§ **AIM OF THE EXERCISE**: Among the entries below, retype exactly the lines starting with the one with "destination wedding at" and going on through the one with "Happy birthday pavitar bhai brother bro", but not the pictures.

§ **EXERCISE MATERIALS**:
-----

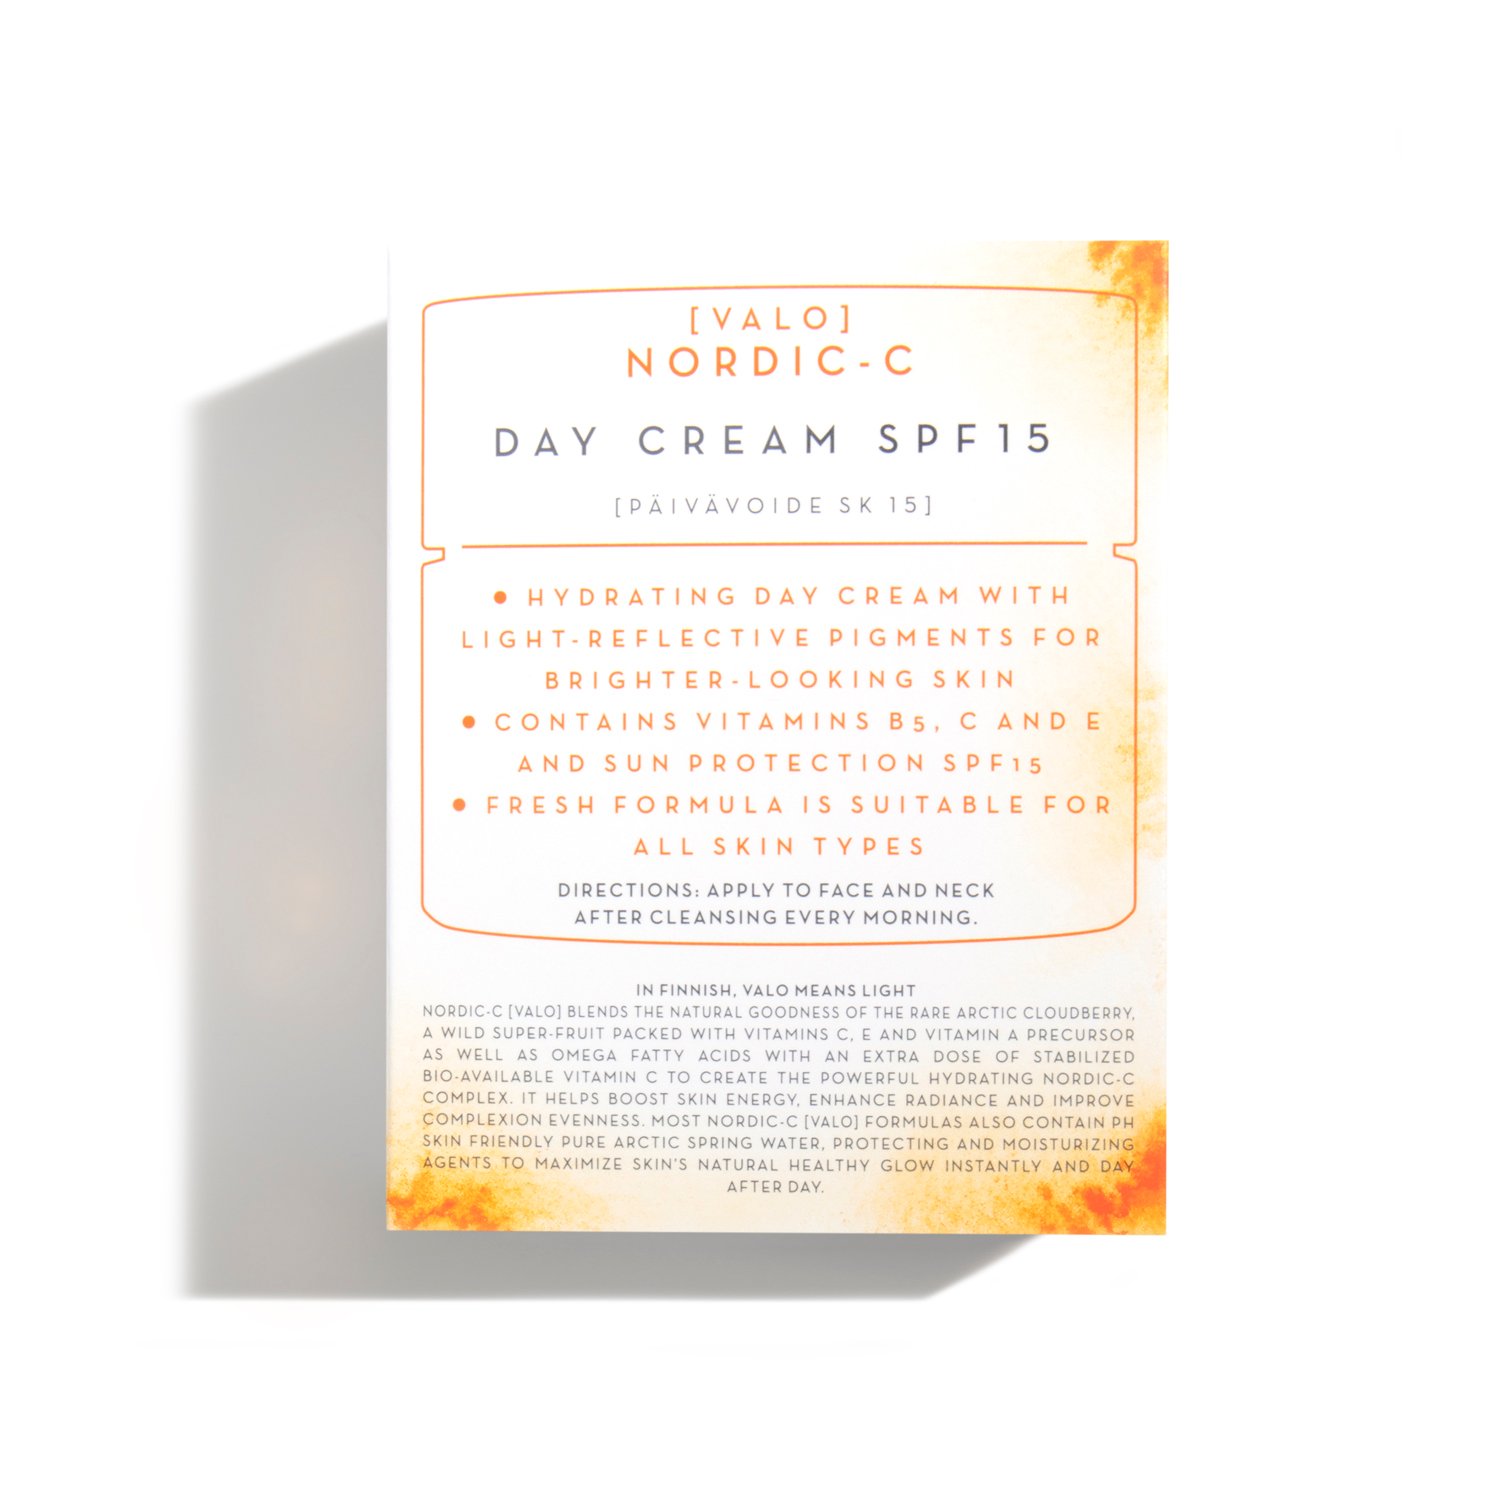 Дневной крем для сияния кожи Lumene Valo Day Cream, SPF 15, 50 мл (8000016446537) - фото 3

-----

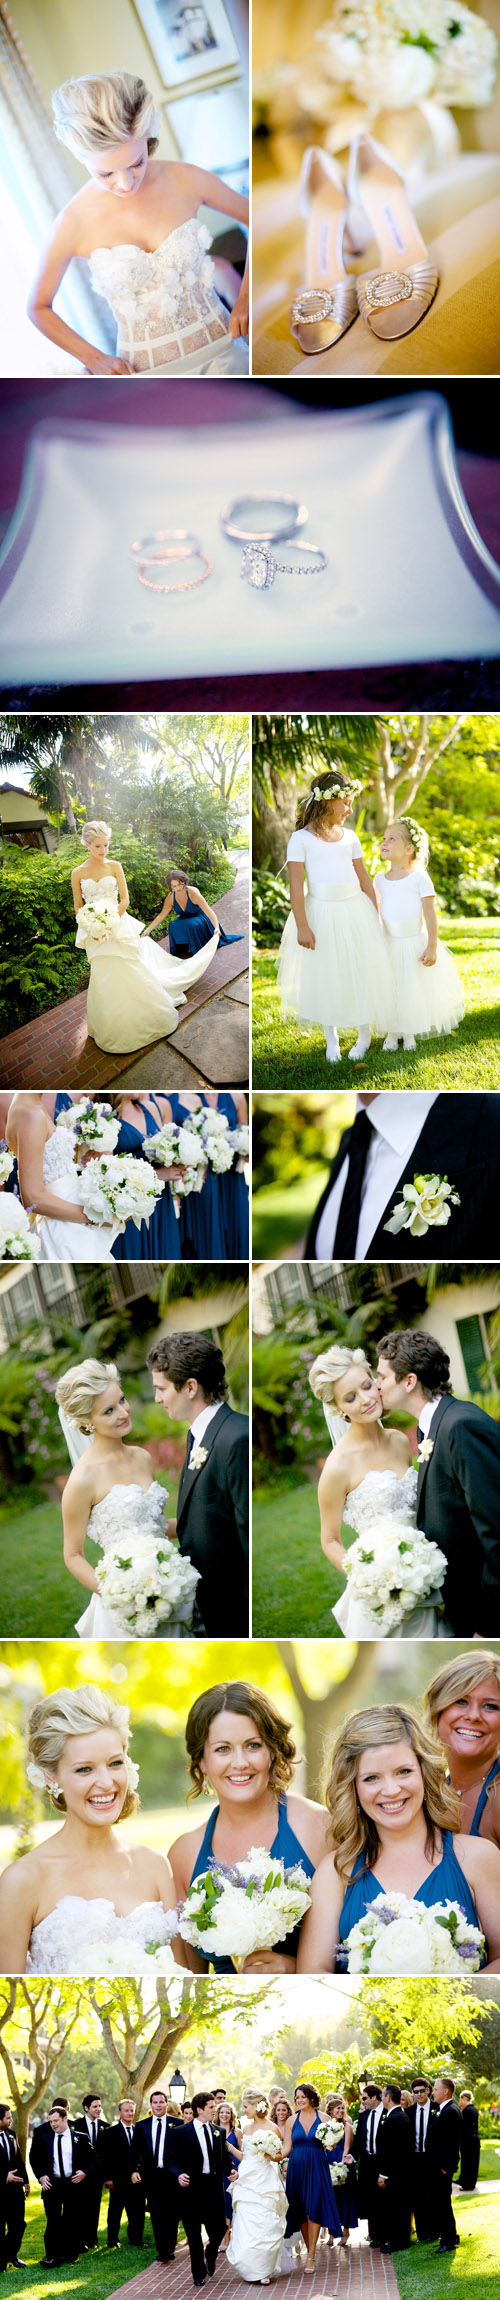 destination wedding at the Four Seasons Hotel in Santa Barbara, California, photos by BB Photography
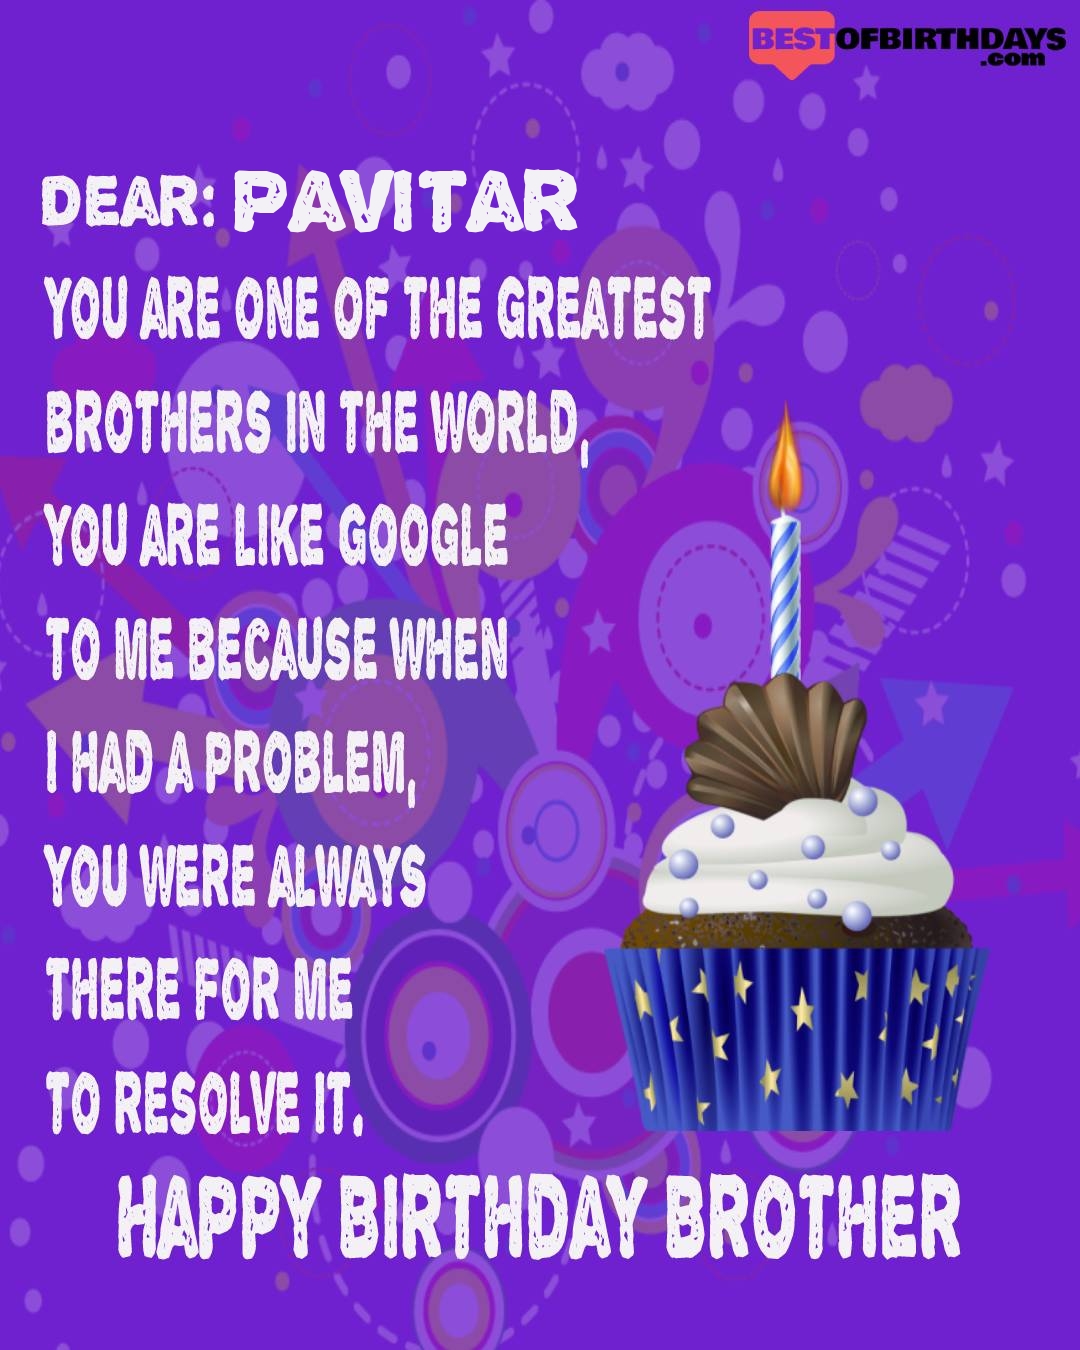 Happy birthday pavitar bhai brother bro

-----

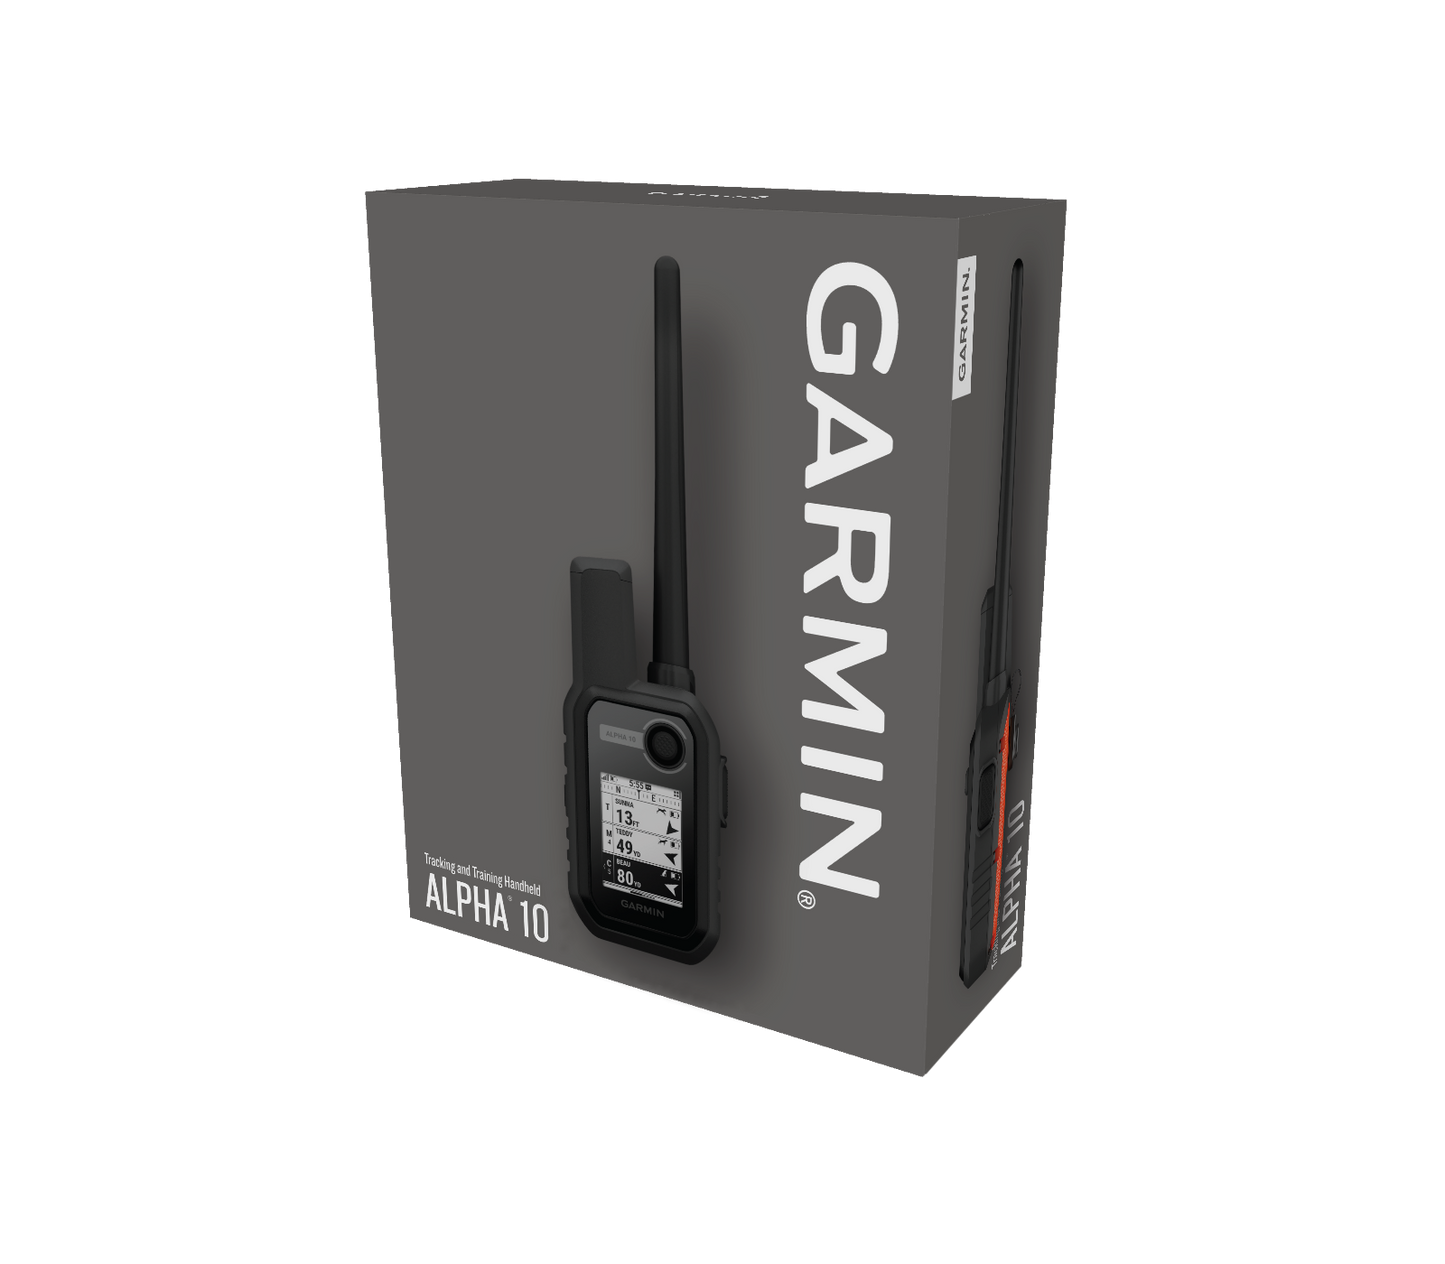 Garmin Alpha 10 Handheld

-----

§ **RESPONSE AREA**:
 destination wedding at the Four Seasons Hotel in Santa Barbara, California, photos by BB Photography
 Happy birthday pavitar bhai brother bro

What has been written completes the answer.